▶ [Exercise brief]
Below is a listing with pictures in it; transcribe exactly the lines from the one that has "6 Easy Lunch" through the one that has "ONLY Flared fit Jeans -Grey Denim - 15258926", and omit those pictures.

━━━ Input material ━━━

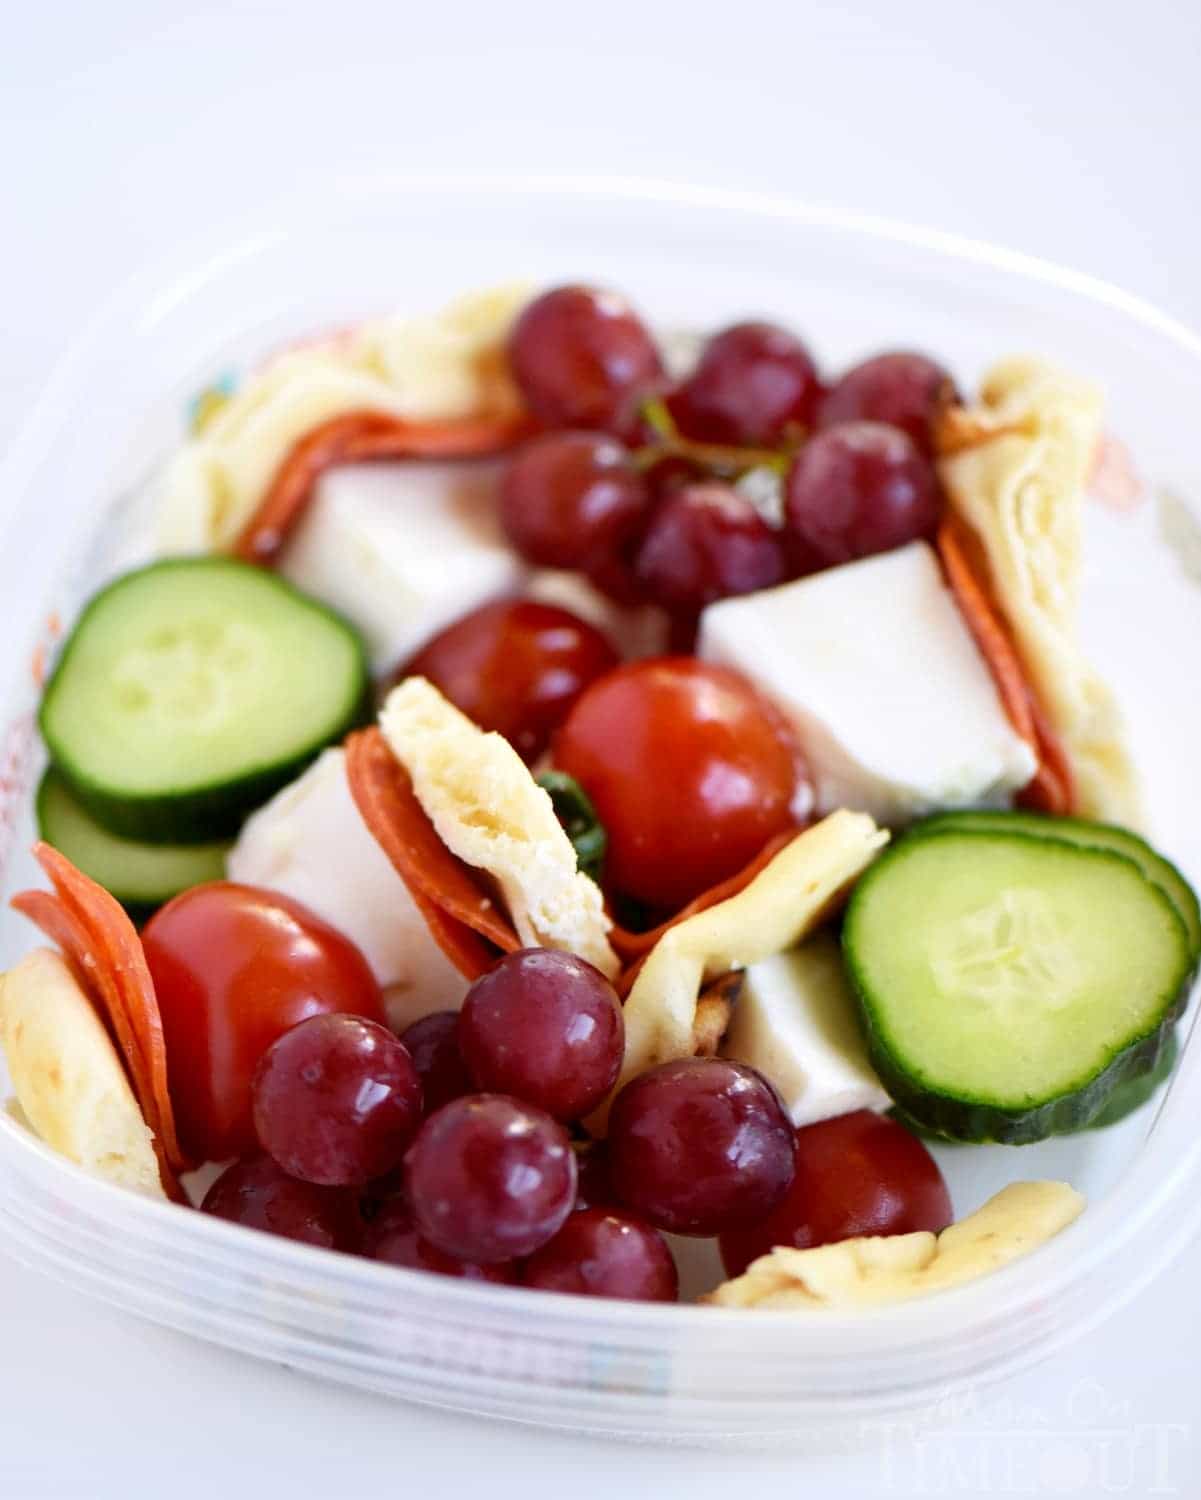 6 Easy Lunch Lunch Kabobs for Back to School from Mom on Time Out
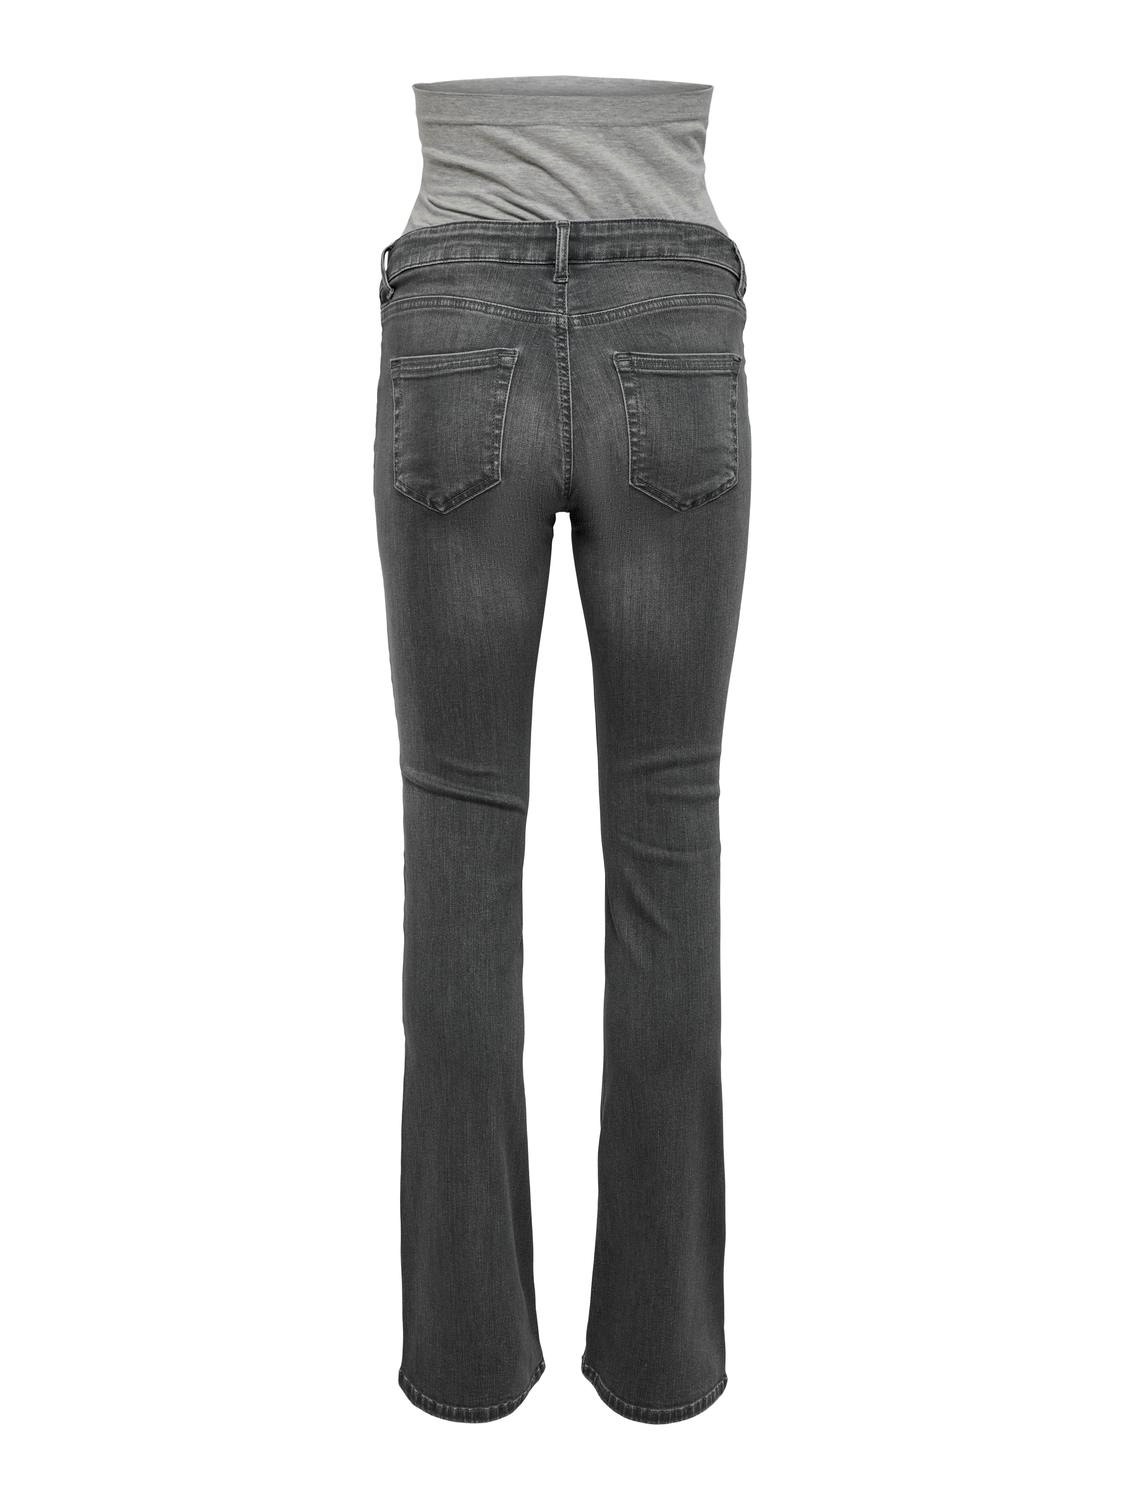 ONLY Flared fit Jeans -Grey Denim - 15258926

━━━
━━━ Input material ━━━

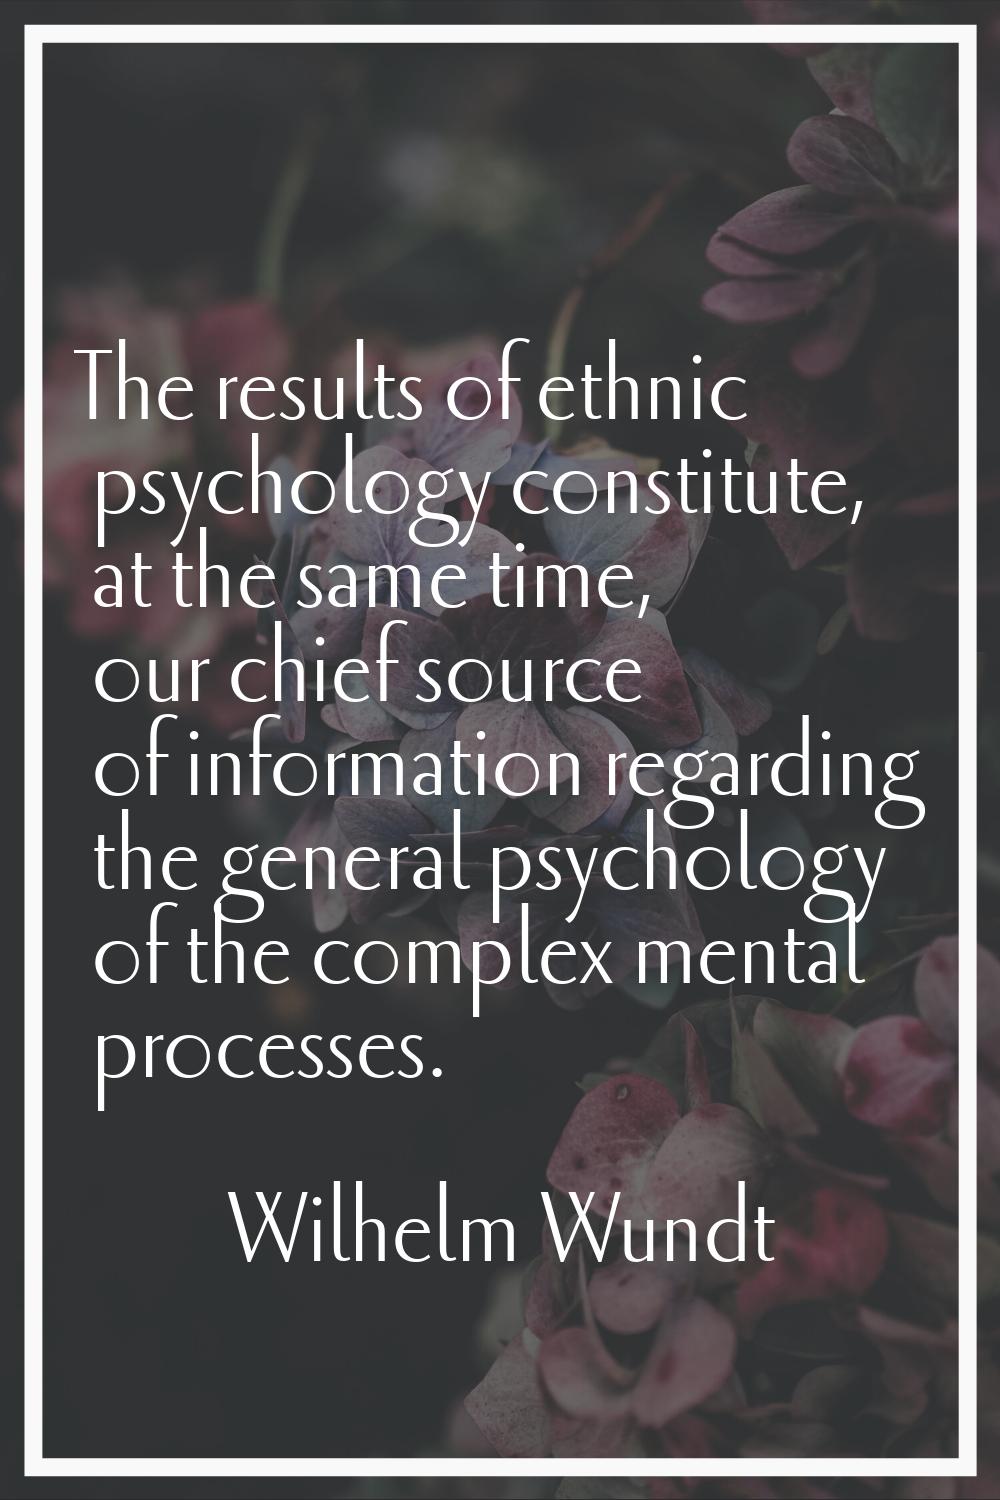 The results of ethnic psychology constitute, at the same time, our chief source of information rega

━━━

▶ [Answer to the exercise]
 6 Easy Lunch Lunch Kabobs for Back to School from Mom on Time Out
 ONLY Flared fit Jeans -Grey Denim - 15258926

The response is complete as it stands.